Task directions >> No pictures, please. Output the lines from the start of the data through the line that contains "Sanjay Dutt Shares", both included, exactly as they stand.

Information shown >>
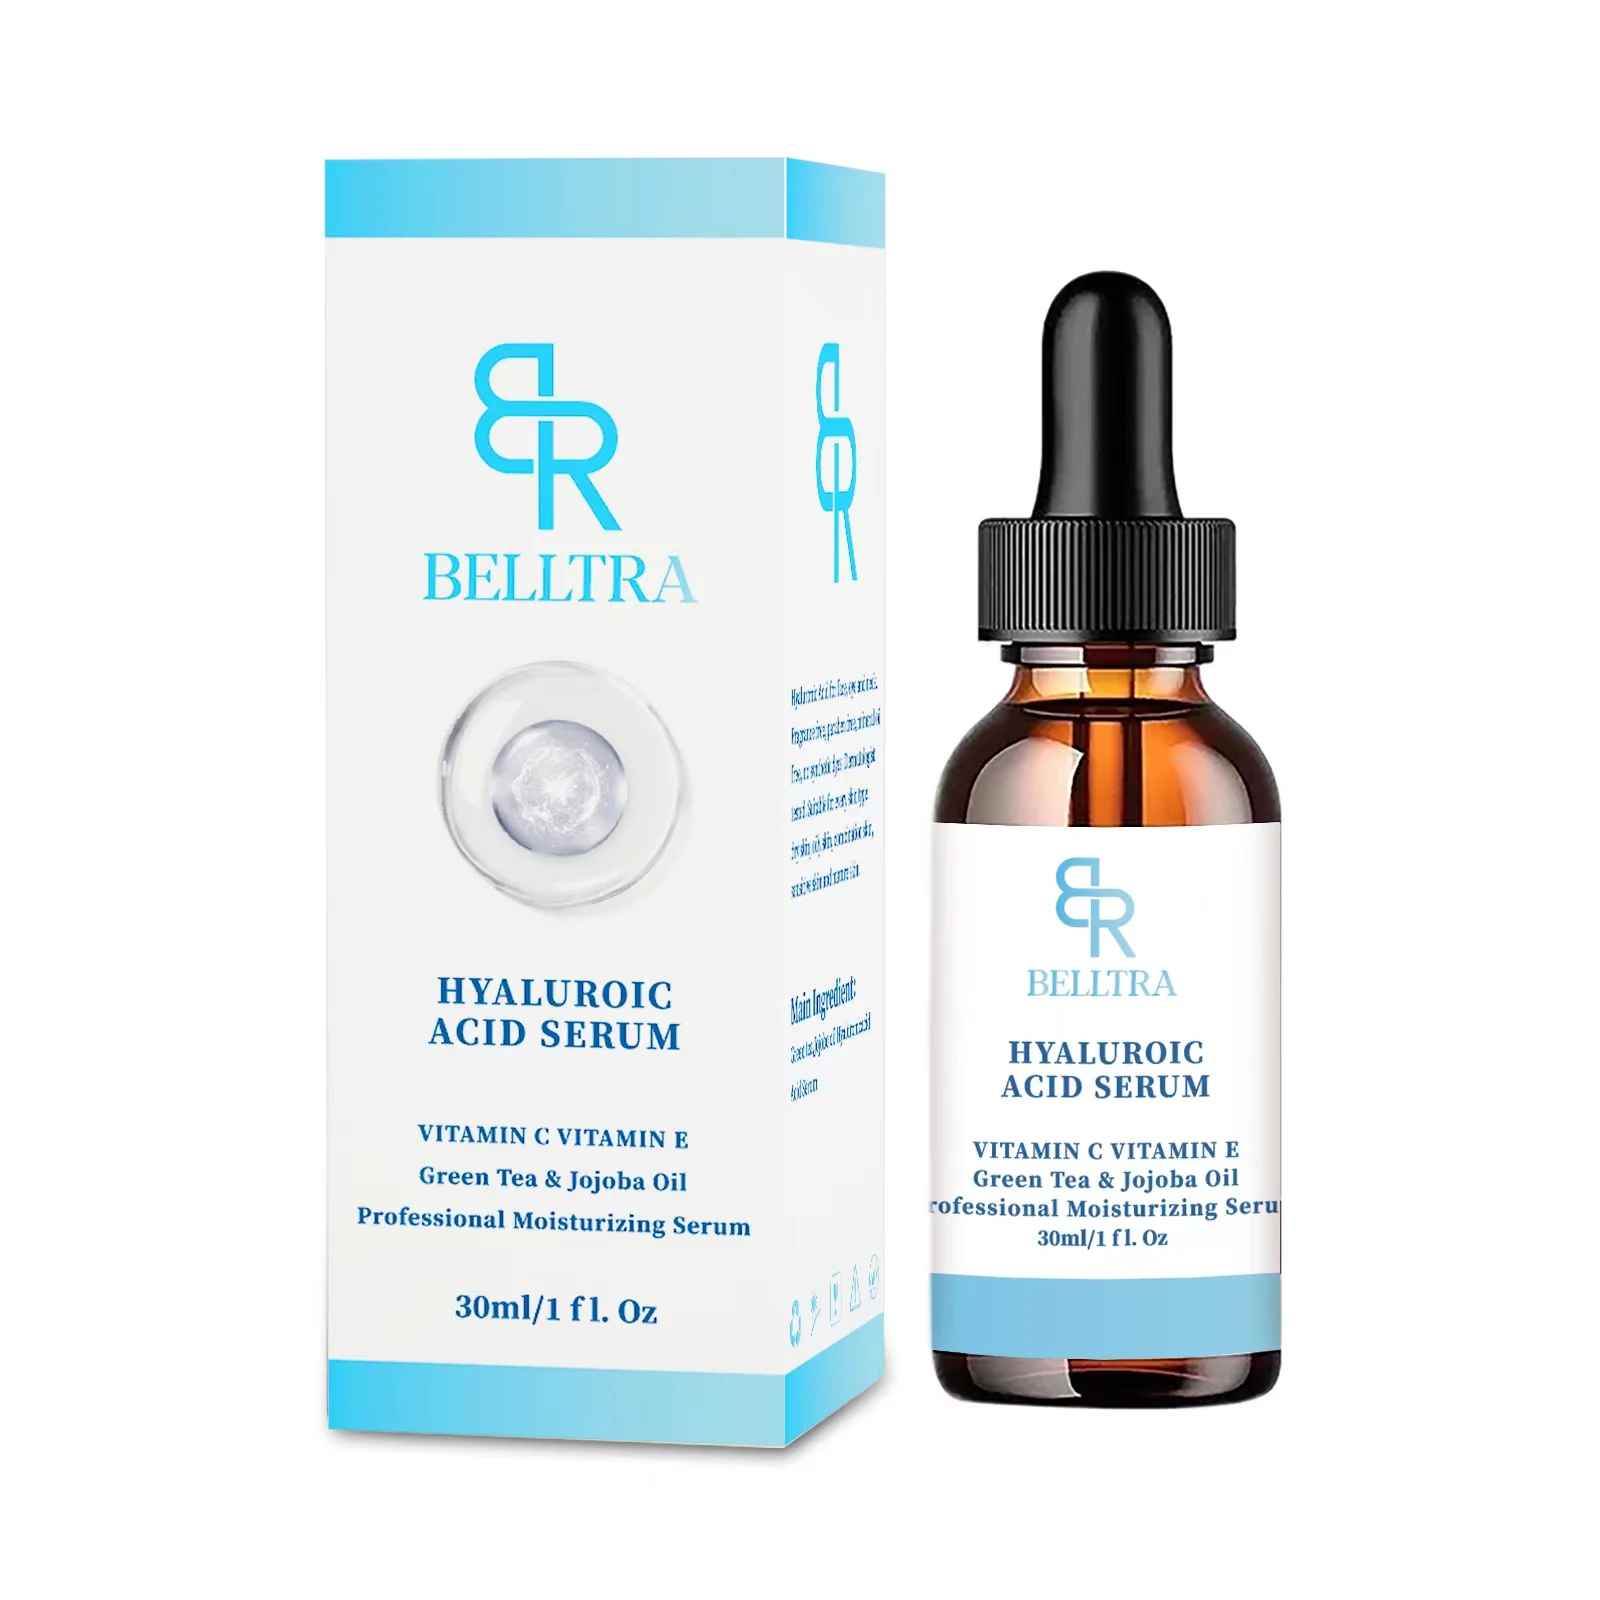 

HYALUROIC ACID SERUM Firming Lifting Anti-Aging Moisturizer Whitening Wrinkle Fine Lines Remove Spots Face Skin Care Serum
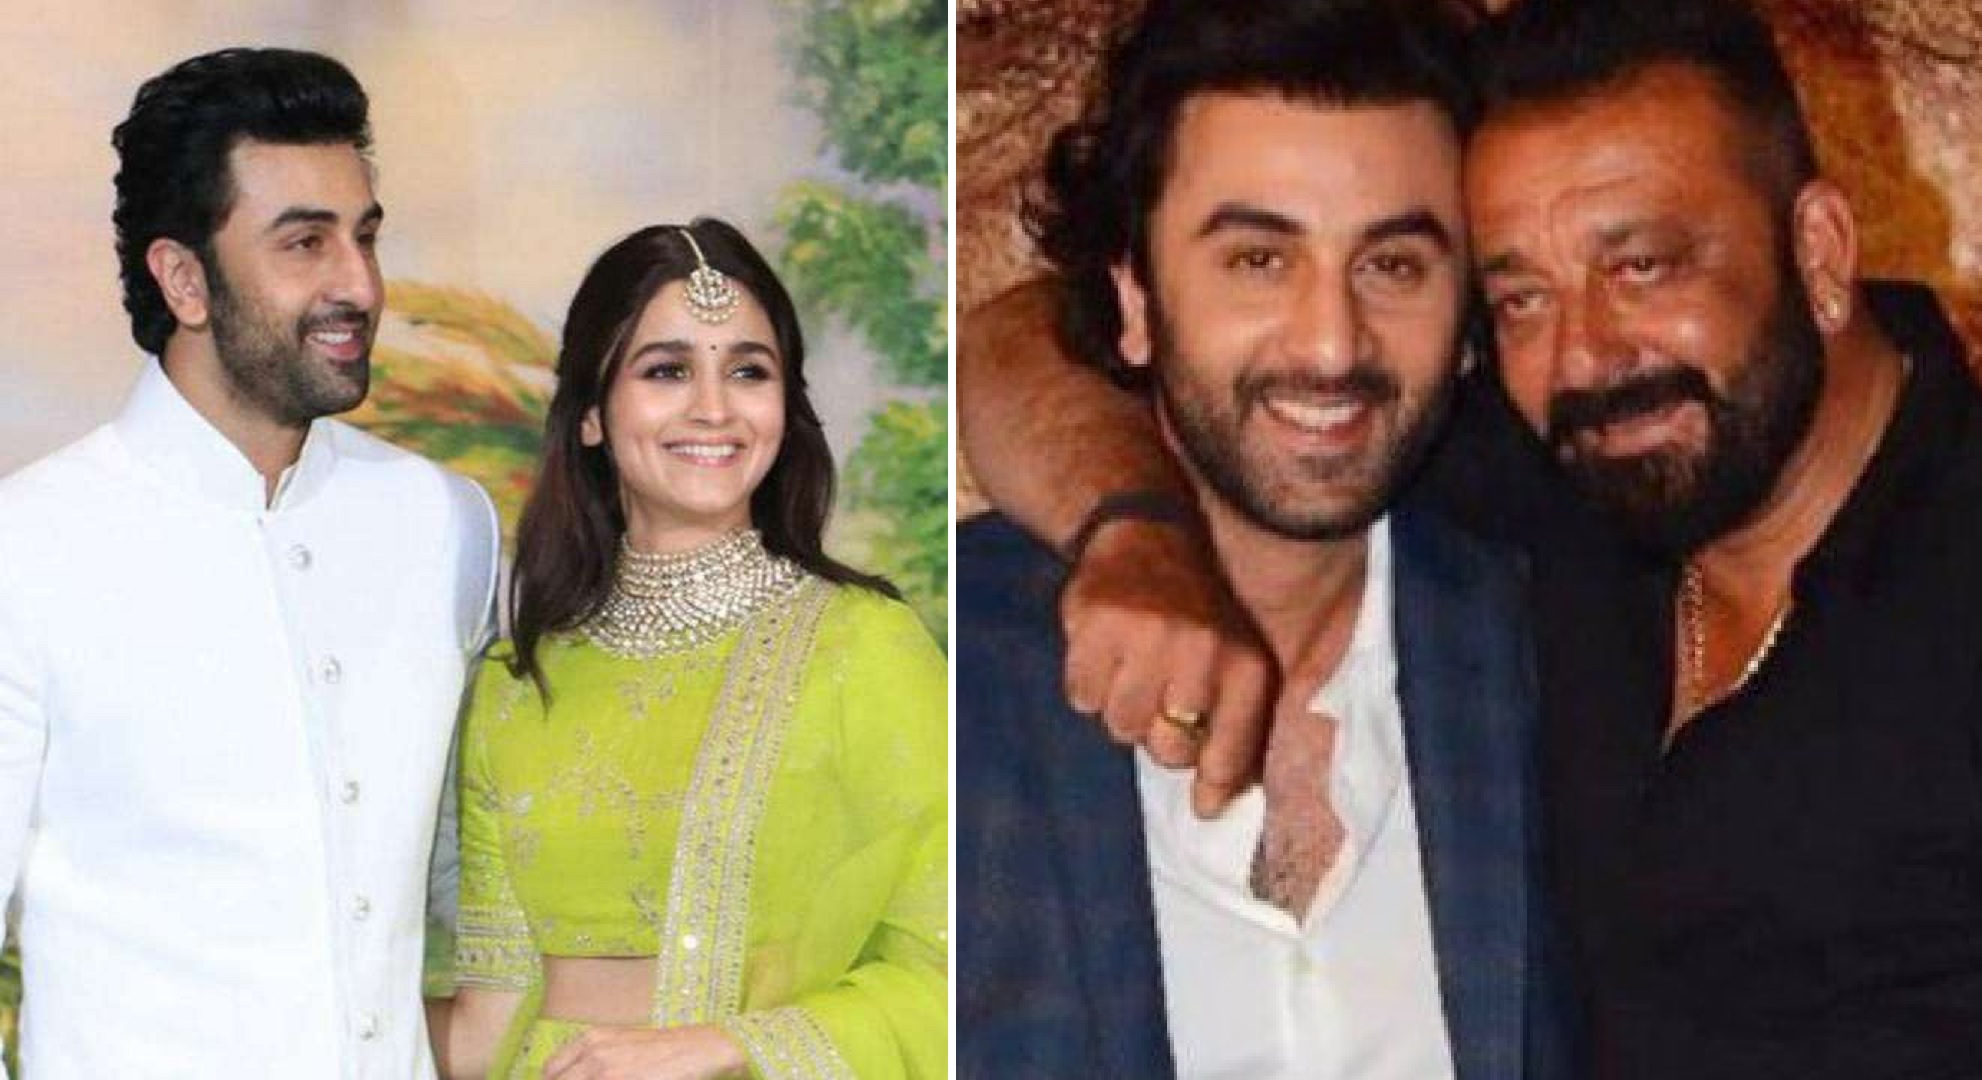 Sanjay Dutt Shares Marriage Advice To Ranbir & Alia: “It’s a matter of compromise from both ends”
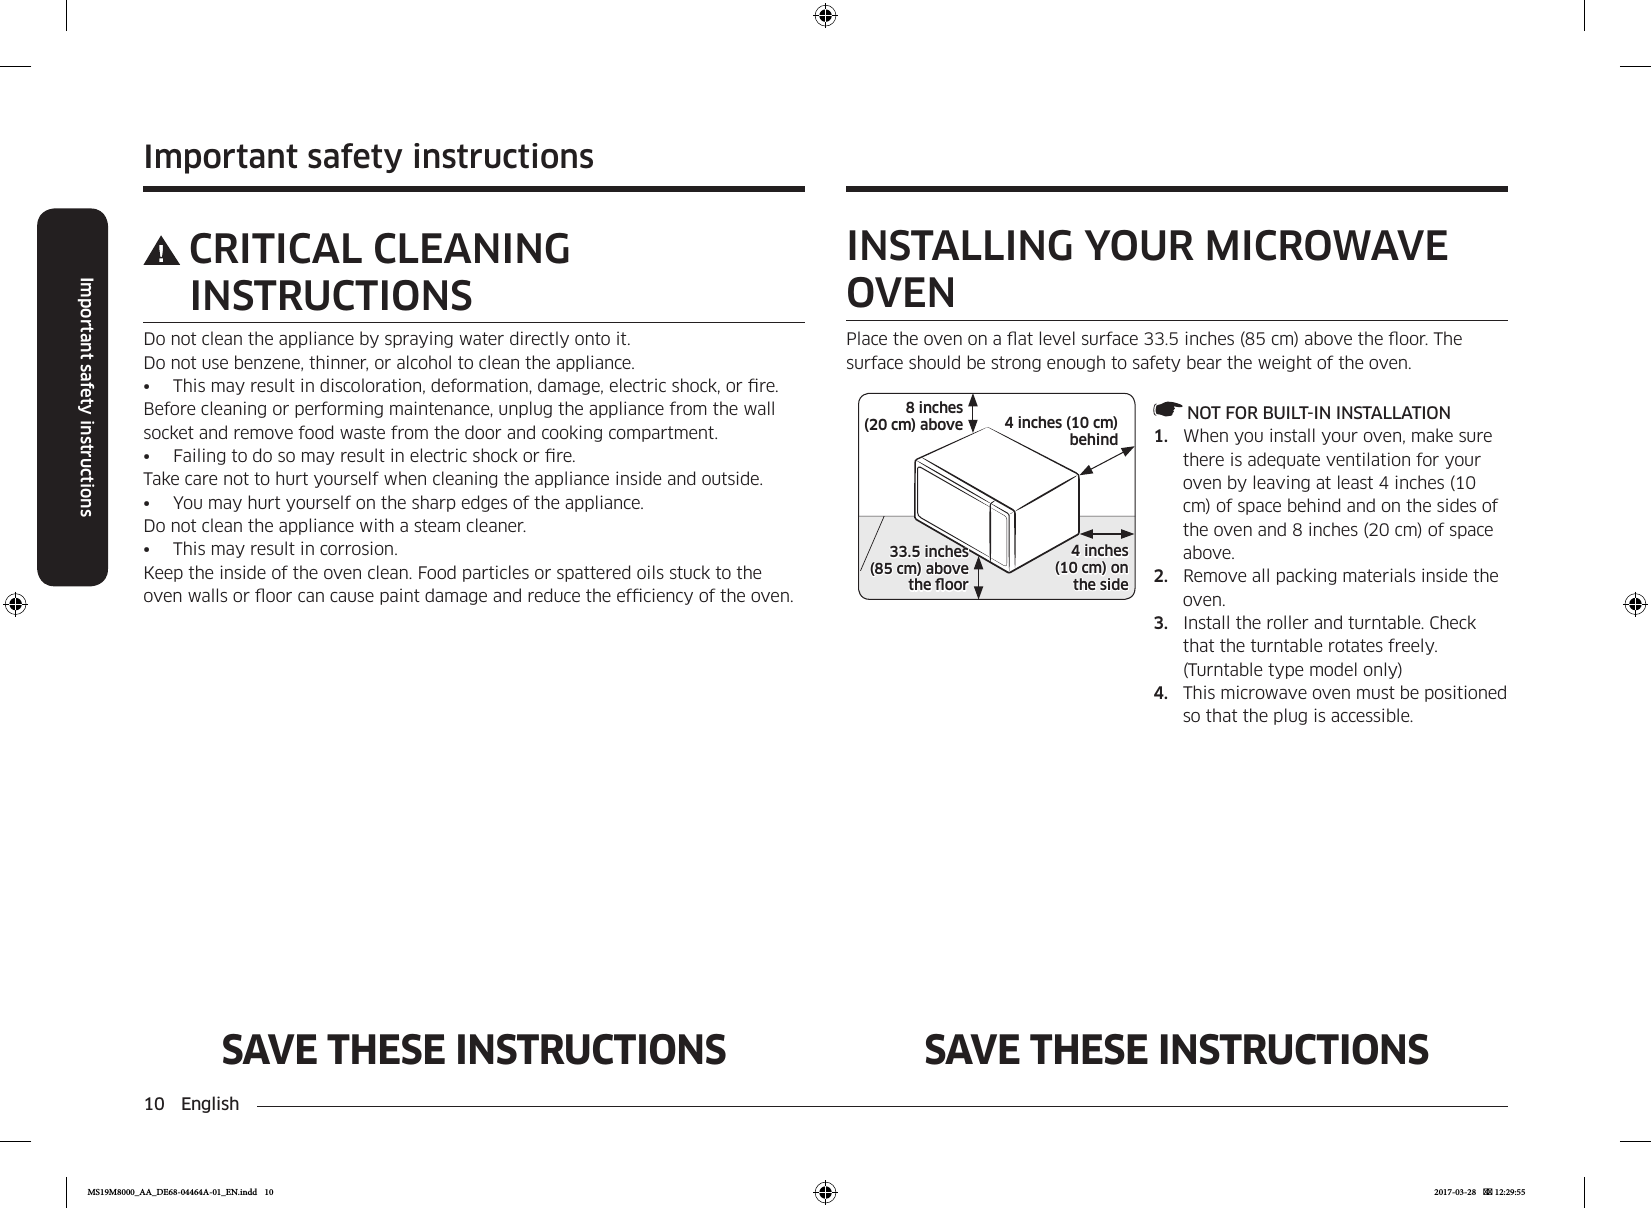 10 EnglishImportant safety instructionsImportant safety instructionsSAVE THESE INSTRUCTIONS SAVE THESE INSTRUCTIONSCRITICAL CLEANING INSTRUCTIONSDo not clean the appliance by spraying water directly onto it.Do not use benzene, thinner, or alcohol to clean the appliance. •  This may result in discoloration, deformation, damage, electric shock, or re. Before cleaning or performing maintenance, unplug the appliance from the wall socket and remove food waste from the door and cooking compartment.•  Failing to do so may result in electric shock or re.Take care not to hurt yourself when cleaning the appliance inside and outside.•  You may hurt yourself on the sharp edges of the appliance. Do not clean the appliance with a steam cleaner. •  This may result in corrosion. Keep the inside of the oven clean. Food particles or spattered oils stuck to the oven walls or oor can cause paint damage and reduce the efciency of the oven.INSTALLING YOUR MICROWAVE OVENPlace the oven on a at level surface 33.5 inches (85 cm) above the oor. The surface should be strong enough to safety bear the weight of the oven.4 inches (10 cm)  behind8 inches (20 cm) above4 inches  (10 cm) onthe side33.5 inches  (85 cm) above the oor NOT FOR BUILT-IN INSTALLATION1.  When you install your oven, make sure there is adequate ventilation for your oven by leaving at least 4 inches (10 cm) of space behind and on the sides of the oven and 8 inches (20 cm) of space above.2.  Remove all packing materials inside the oven.3.  Install the roller and turntable. Check that the turntable rotates freely. (Turntable type model only)4.  This microwave oven must be positioned so that the plug is accessible.MS19M8000_AA_DE68-04464A-01_EN.indd   10 2017-03-28    12:29:55
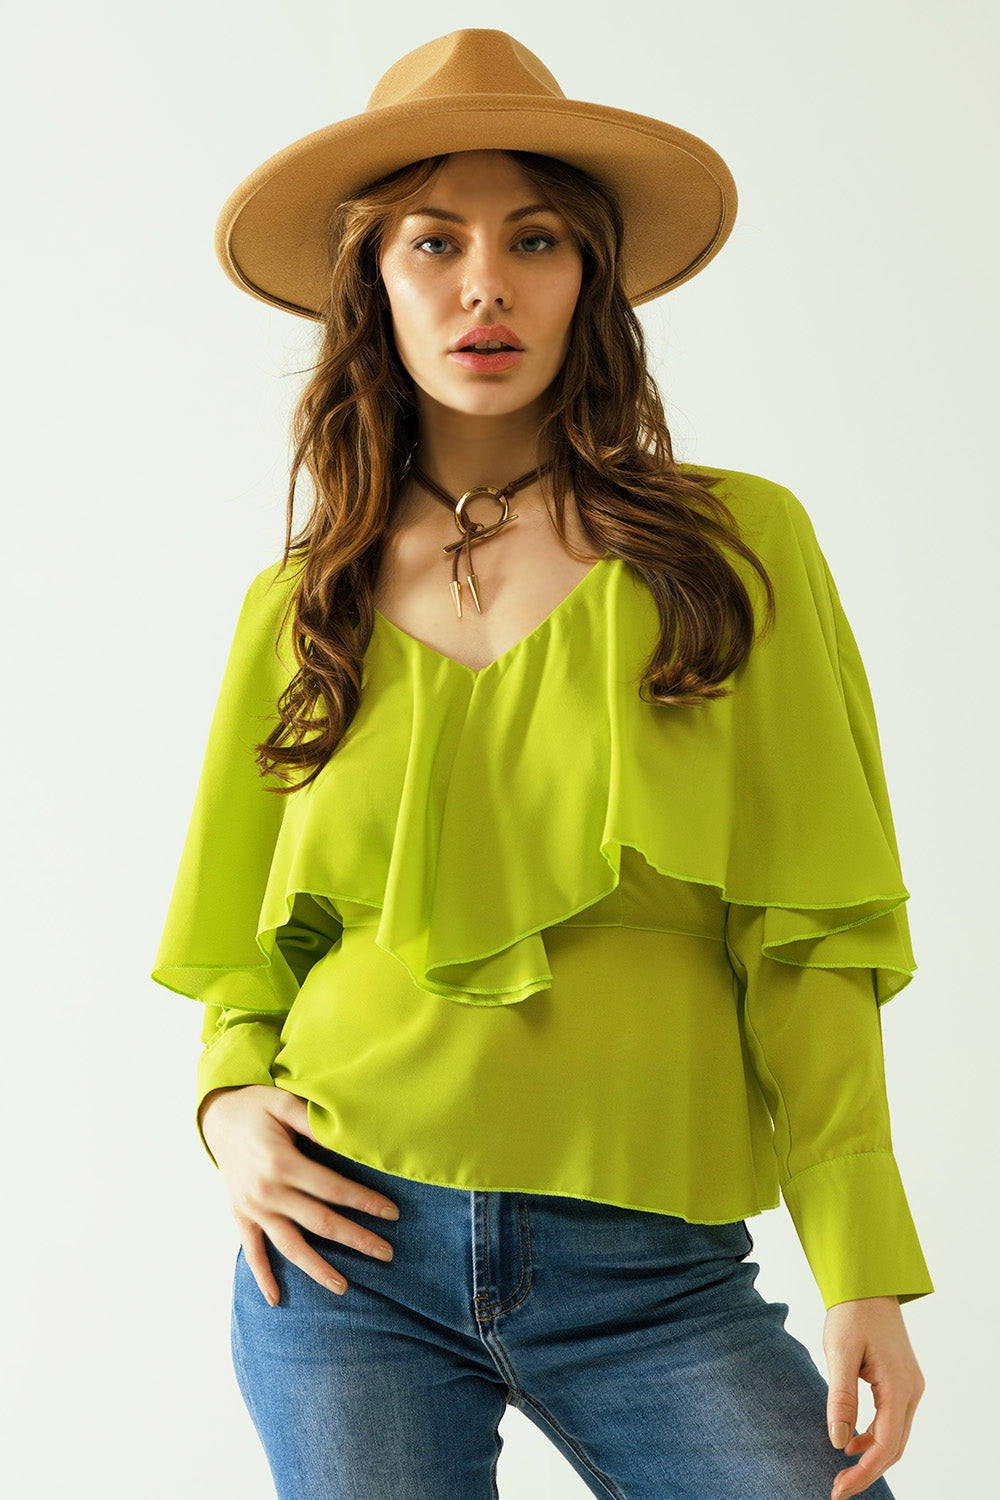 Q2 Green long sleeve top with a ruffle detail and bare back

Expected answer >>
HYALUROIC ACID SERUM Firming Lifting Anti-Aging Moisturizer Whitening Wrinkle Fine Lines Remove Spots Face Skin Care Serum
 Sanjay Dutt Shares Marriage Advice To Ranbir & Alia: “It’s a matter of compromise from both ends”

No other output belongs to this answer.